Most of the time the hipi stayed together, but occasionally one would go off on its own and get injured or lost in a swamp.

The Paipera Tapu has a lot to say about hipi. As far back as Abraham we read they had flocks of hipi and goats. Jacob, Joseph’s brothers, Moses and David were all hepara.

Many times the Paipera Tapu refers to people as hipi – hipi that have gone astray, are lost, helpless, and are without a hepara.

King David was a hepara when he was a tama. He knew his hipi intimately. He watched over them and with help from Ihowā, he killed a bear and a lion that had tried to attack them.

In his famous song, Ngā Waiata 23, David recognised he was like a hipi and Ihowā was his hepara pai.

Ko Ihowā tōku hēpara; e kore ahau e hapa. Ko ia hei mea kai takoto ahau ki ngā wāhi tarutaru hou: e ārahi ana ia i ahau ki te taha o ngā wai āta rere.” Ngā Waiata 23:1-2

Just as David knew each one of the hipi in his care, he also knew Ihowā was always with him.
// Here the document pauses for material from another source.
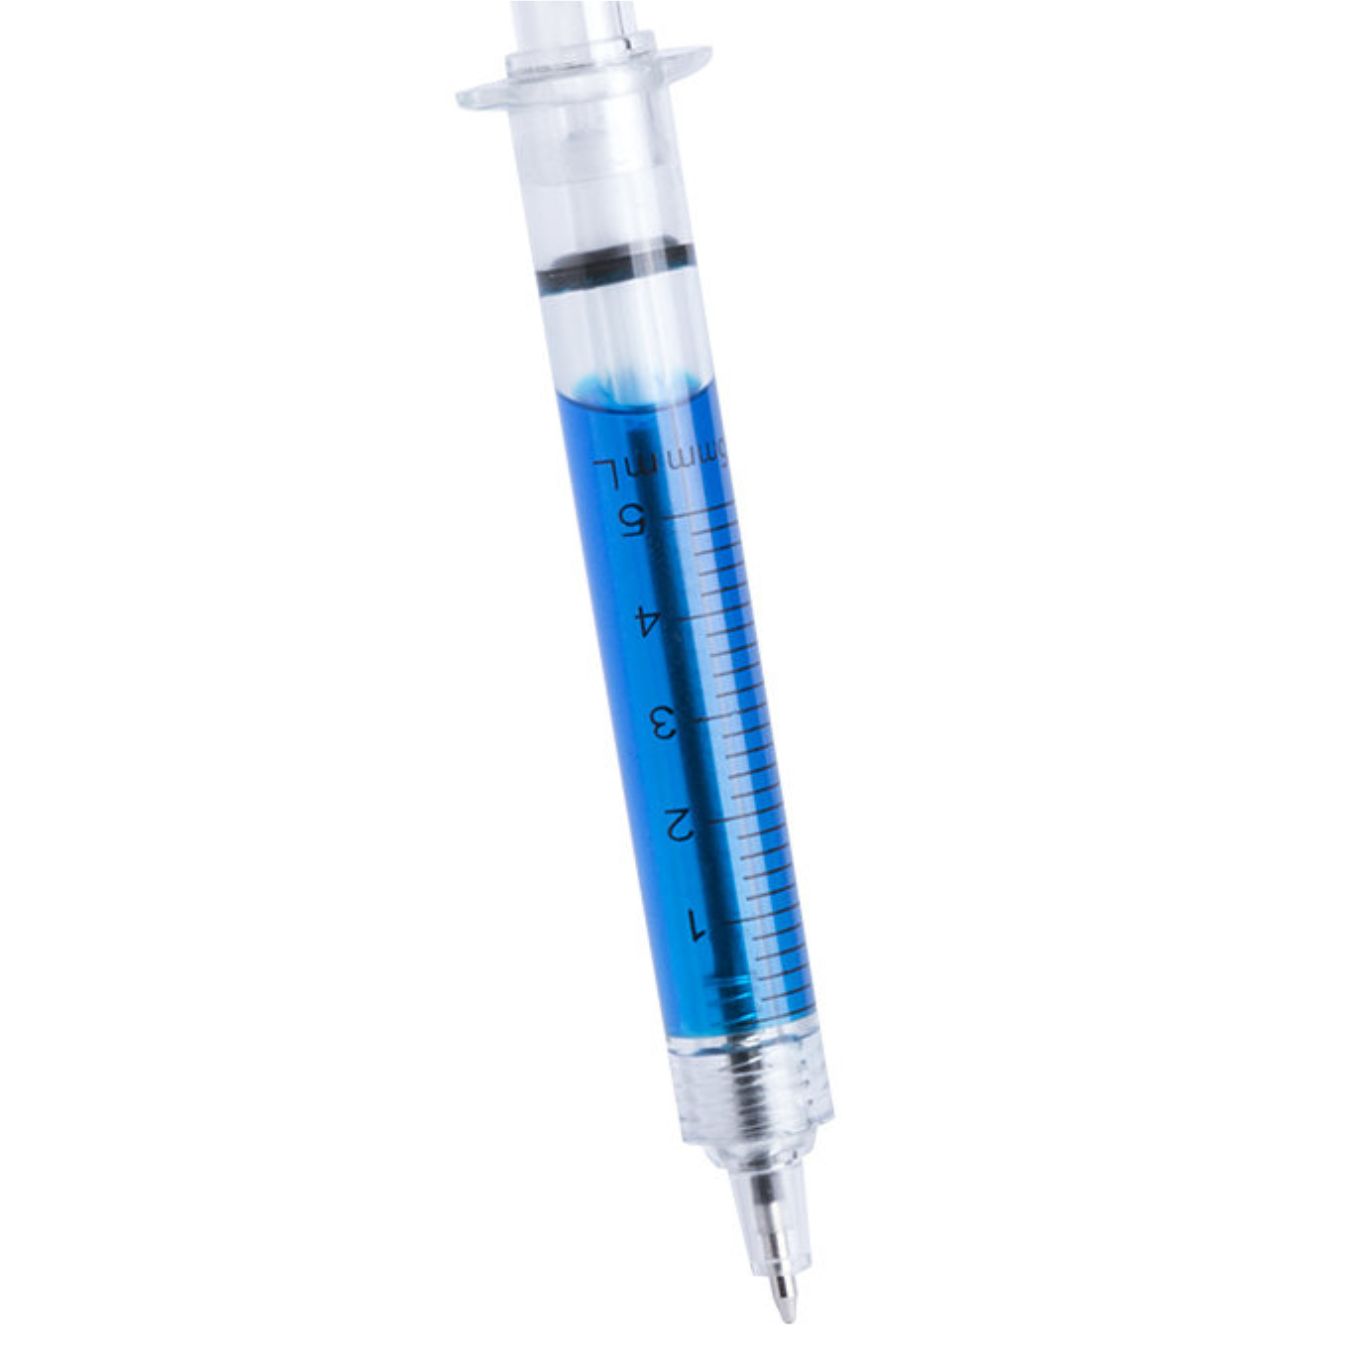 ручки в виде шприца с жидкостью
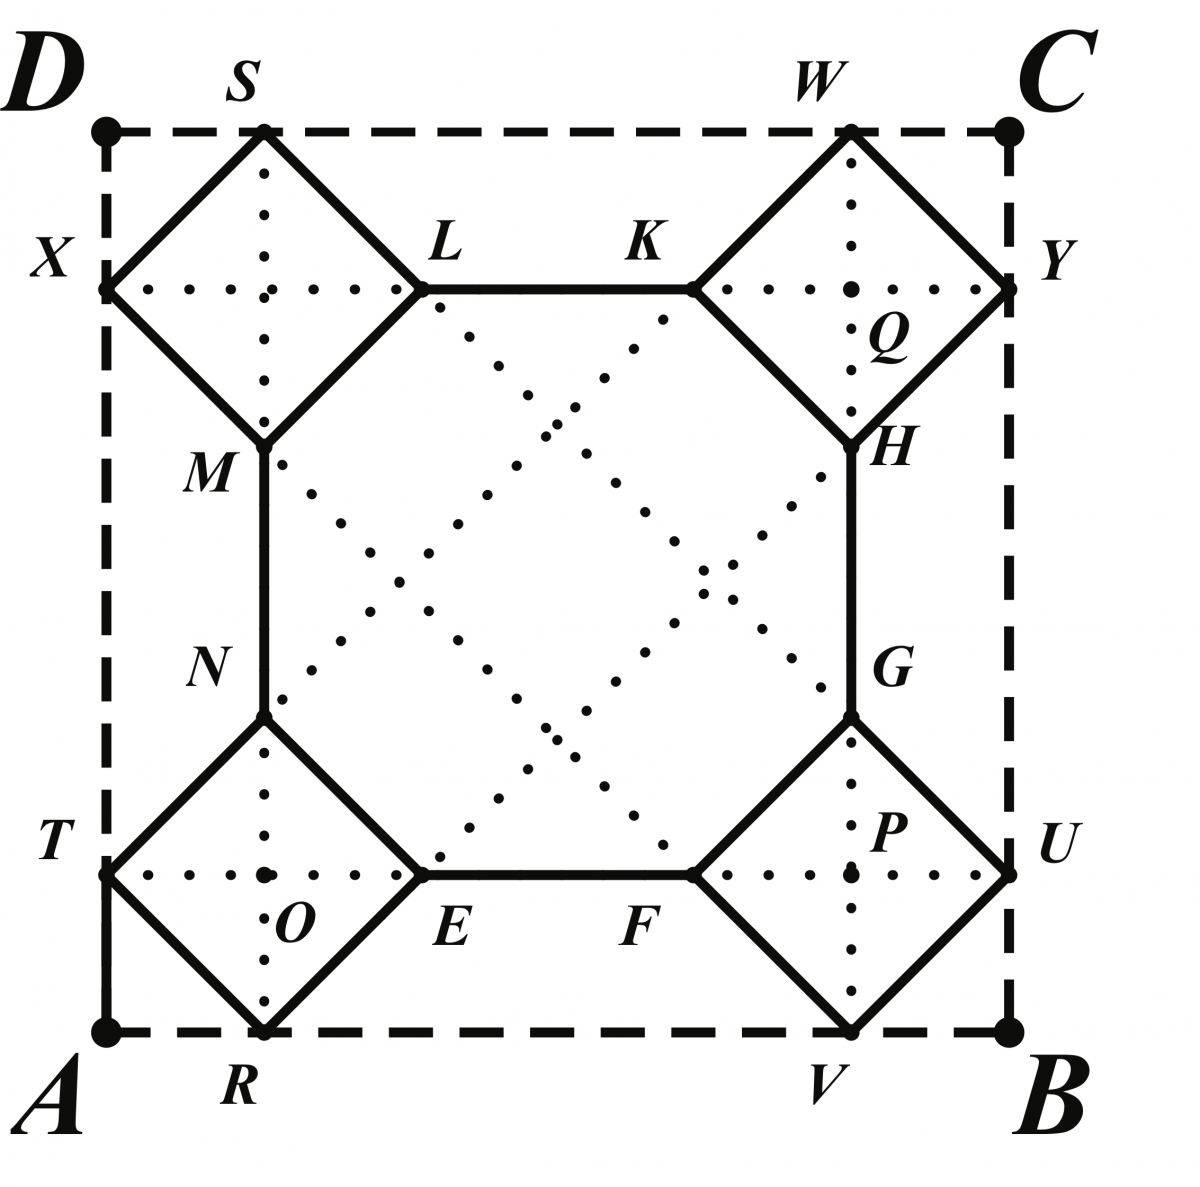 Geometrical diagram for linoleum design.

He had learned to trust Ihowā to provide his daily needs, lead him along paths that were straight, walk with him through paths that were threatening or difficult, protect him and correct him when he needed it. He acknowleged the goodness of Ihowā towards him and had faith that when his time had come, Ihowā would have a home for him in heaven.

Ngā Waiata 23 has been a great comfort and strength to believers through the ages.

Ihu Karaiti used illustrations about hipi and hepara pai to teach the people about the aroha Ihowā has for them. He spoke of the hepara who went searching for a lost hipi in order to show that Ihowā cares for each and every one of us and wants us to be safe as part of His flock - safe from the ravages and consequences of sin in our lives.

Ihu Karaiti described Himself as Te Hepara Pai who was willing to die in order to save His hipi. Ihu Karaiti came not only for those “trouble makers” which we all have in our whānau, but for each one of us. He knows us by name. He doesn’t want anyone to perish.

If we admit that we need Him to rescue us because there is nothing we can do to save ourselves, and if we trust Him to be our hepara, to follow Him each day, then we can know we belong to Him and He will never leave us.